=== Section Start ===
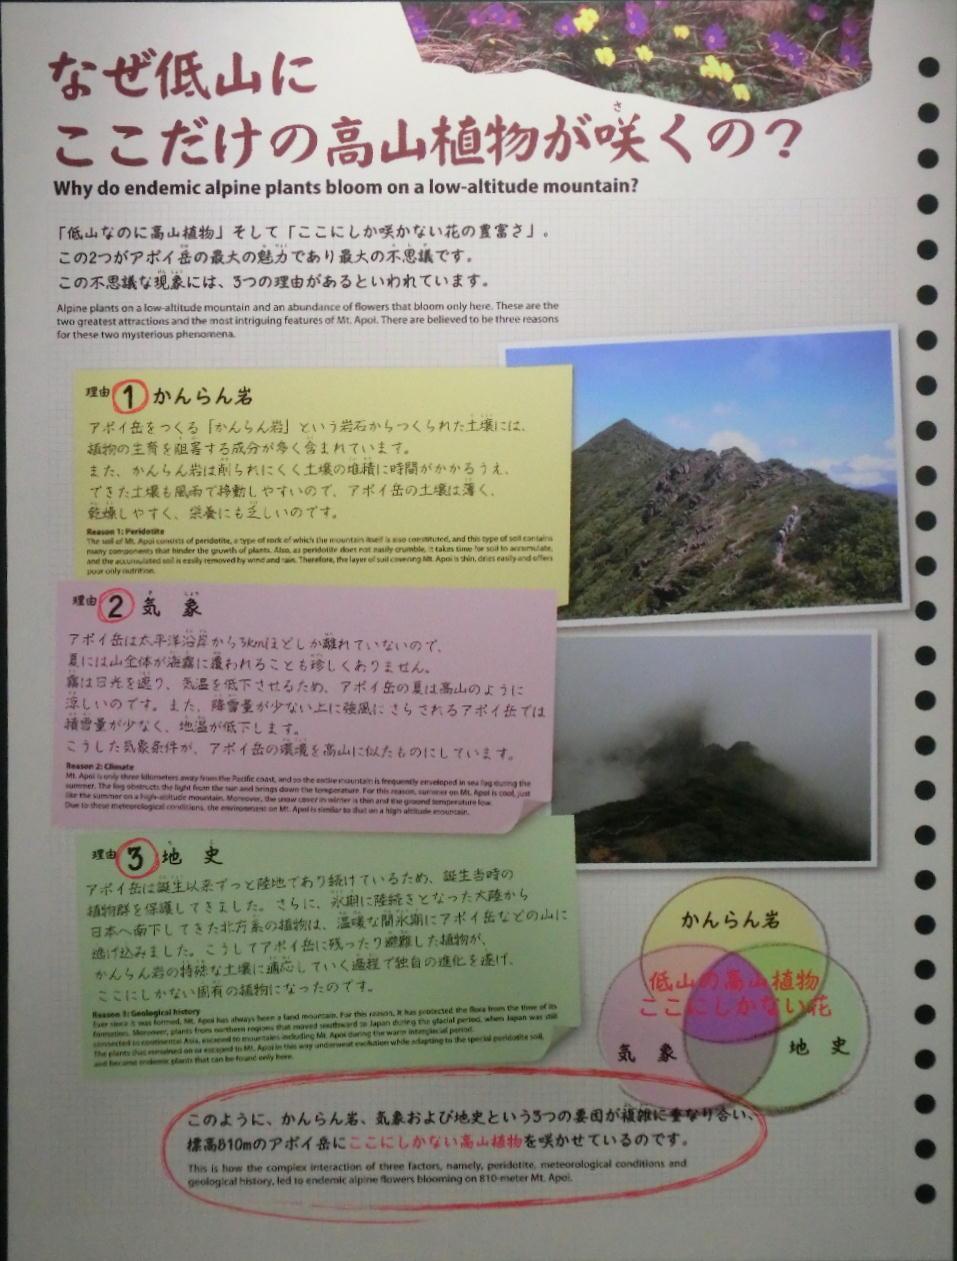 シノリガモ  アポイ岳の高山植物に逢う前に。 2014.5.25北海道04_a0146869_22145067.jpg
=== Section End ===
=== Section Start ===
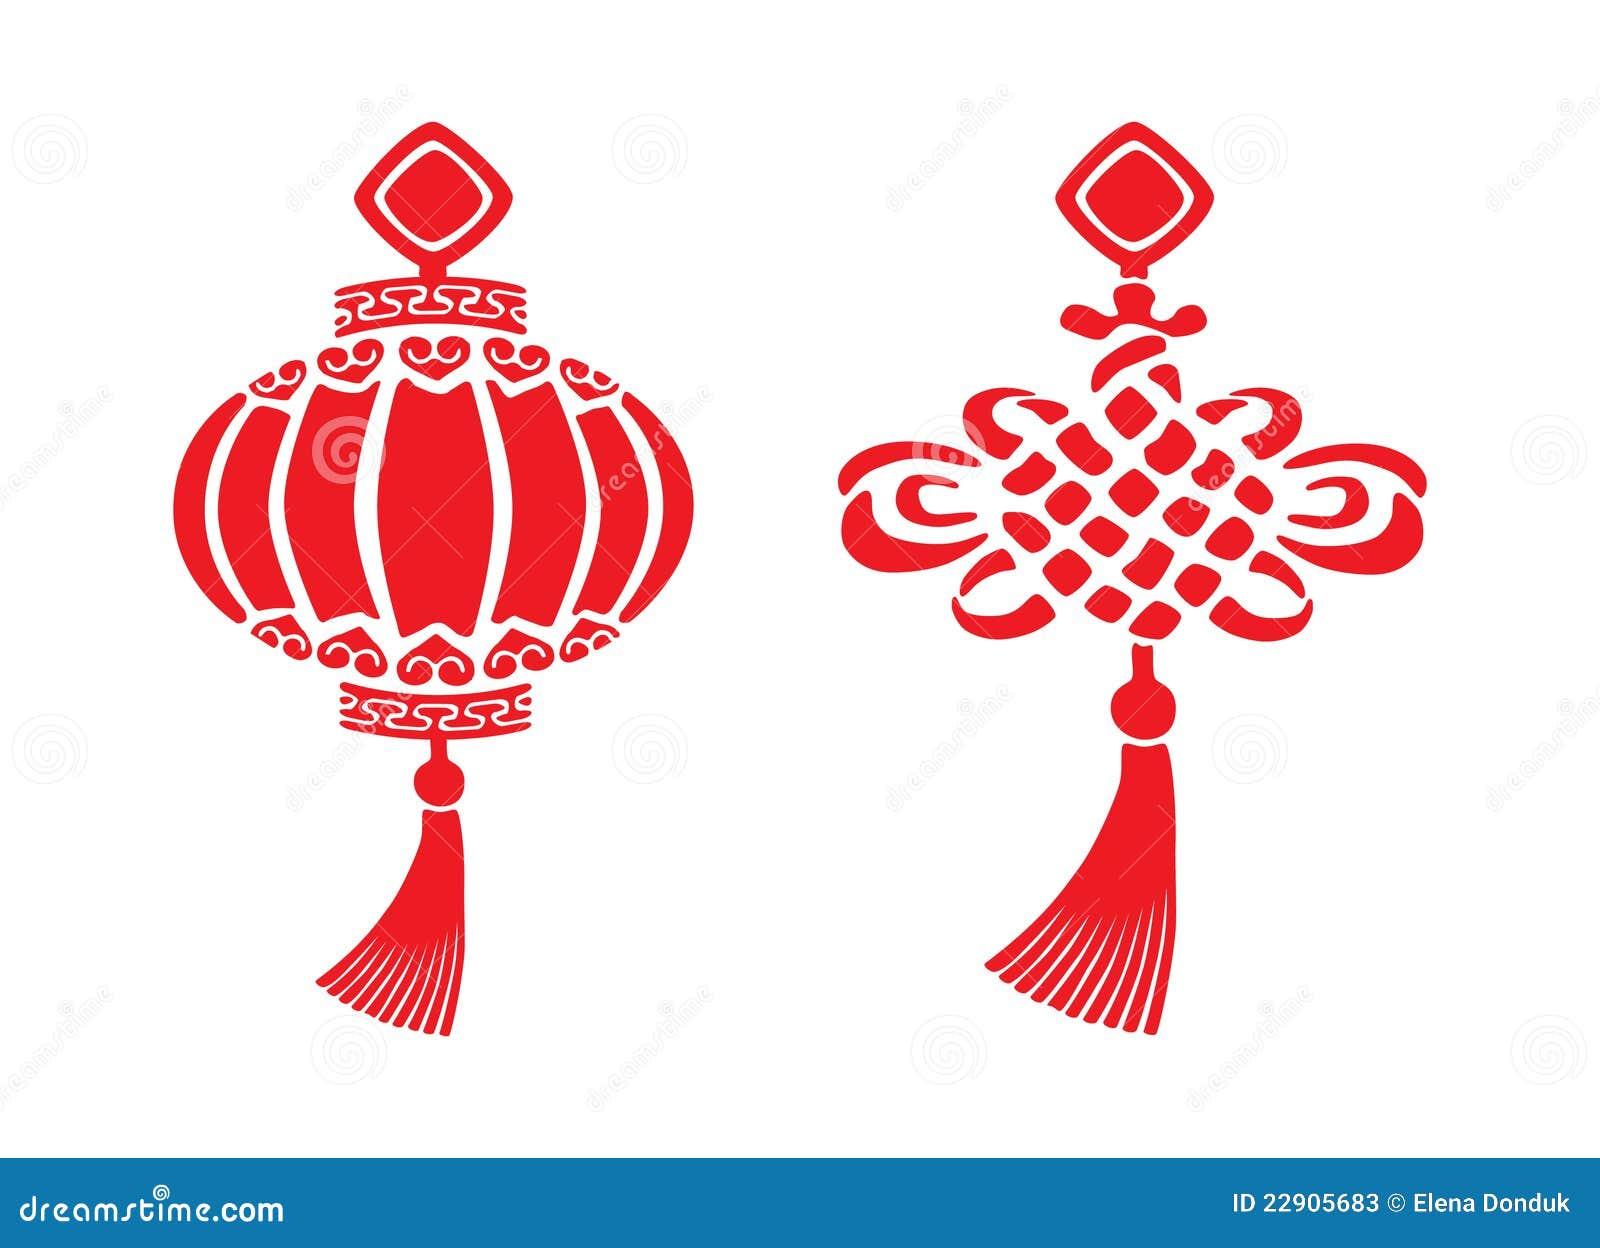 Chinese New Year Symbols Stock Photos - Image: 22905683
=== Section End ===
=== Section Start ===
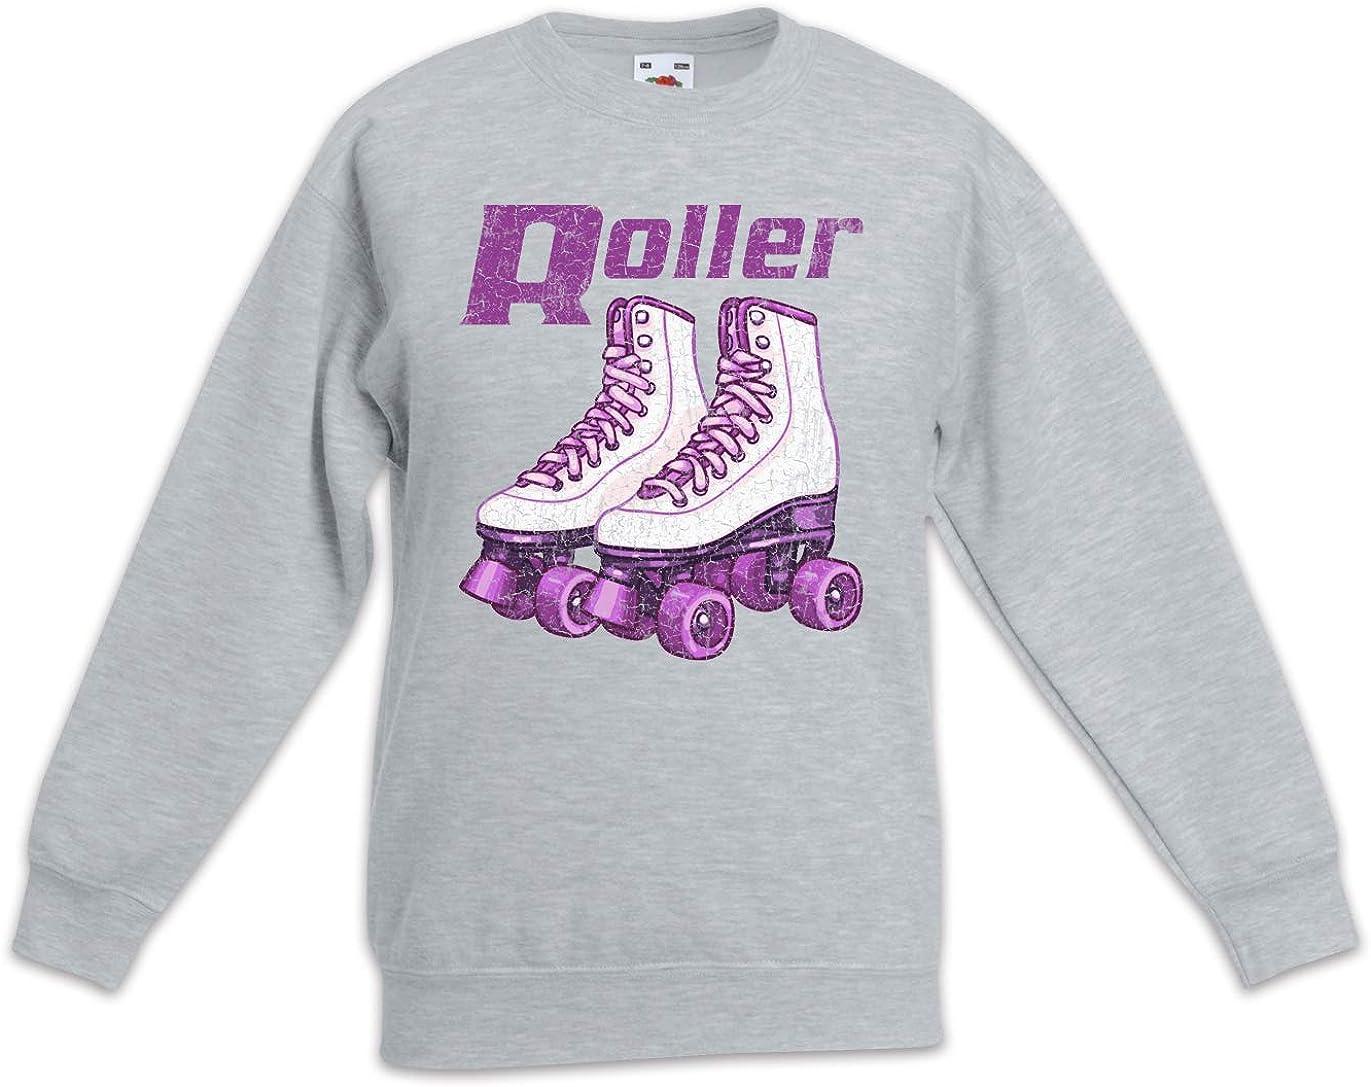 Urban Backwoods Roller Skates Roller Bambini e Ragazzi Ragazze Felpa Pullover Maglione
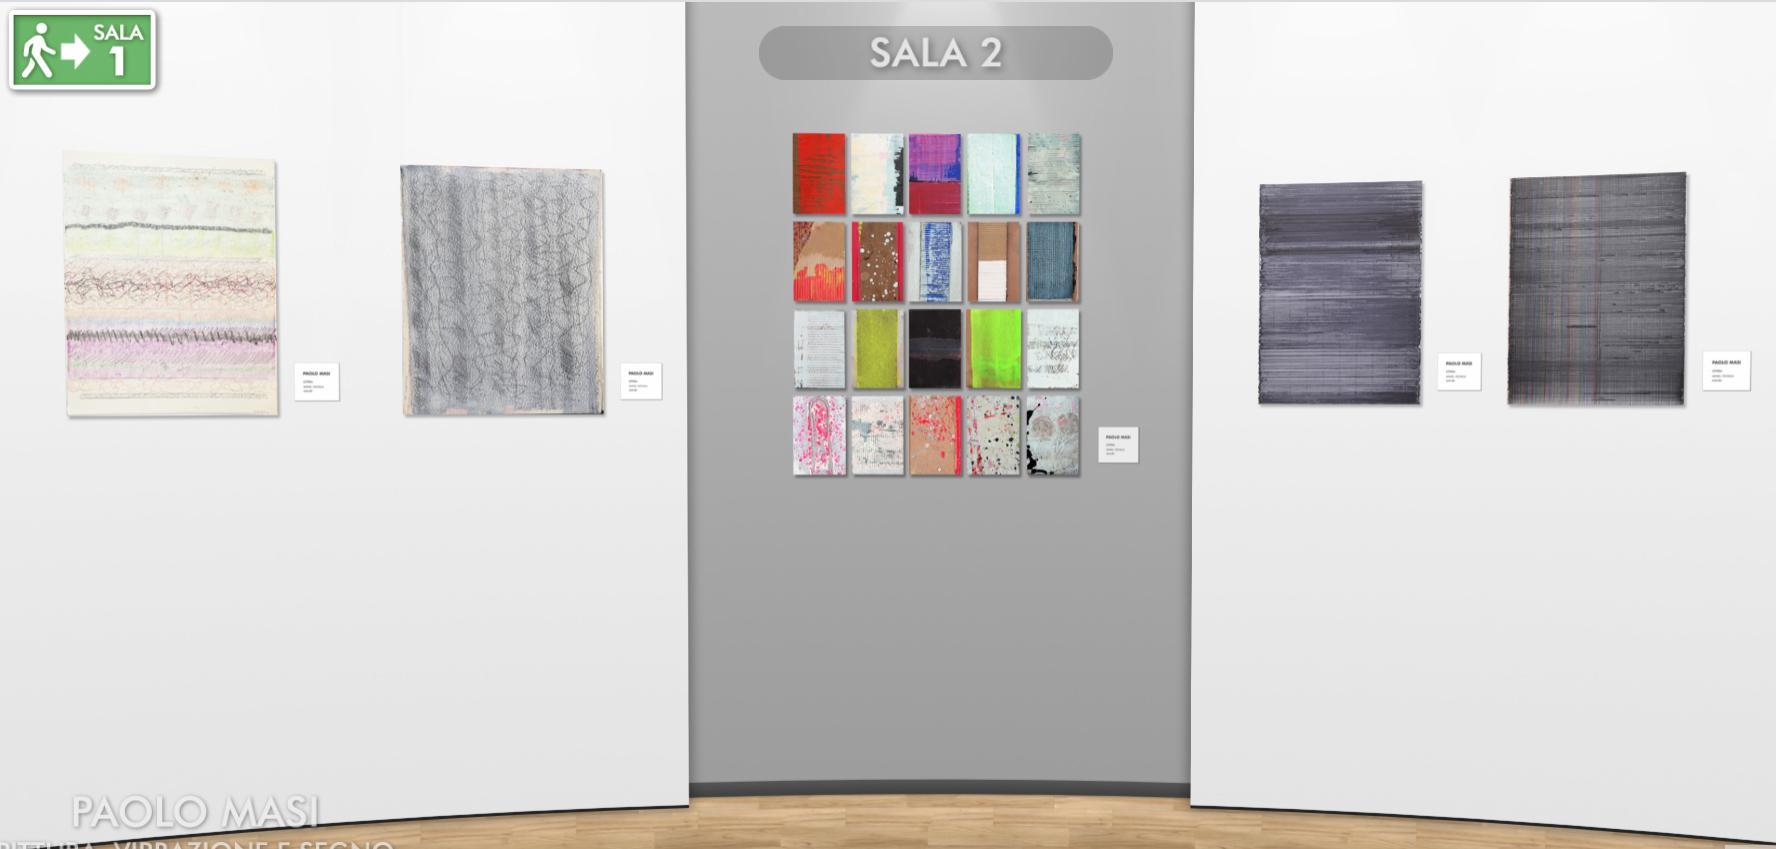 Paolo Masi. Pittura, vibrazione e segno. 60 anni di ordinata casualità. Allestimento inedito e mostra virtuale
=== Section End ===
Work order
All pictures are to be skipped. Output, word for word, the lines in the data above starting at the line containing "Urban Backwoods Roller" and ending at the line containing "Paolo Masi. Pittura, vibrazione".

Worked solution
 Urban Backwoods Roller Skates Roller Bambini e Ragazzi Ragazze Felpa Pullover Maglione
 Paolo Masi. Pittura, vibrazione e segno. 60 anni di ordinata casualità. Allestimento inedito e mostra virtuale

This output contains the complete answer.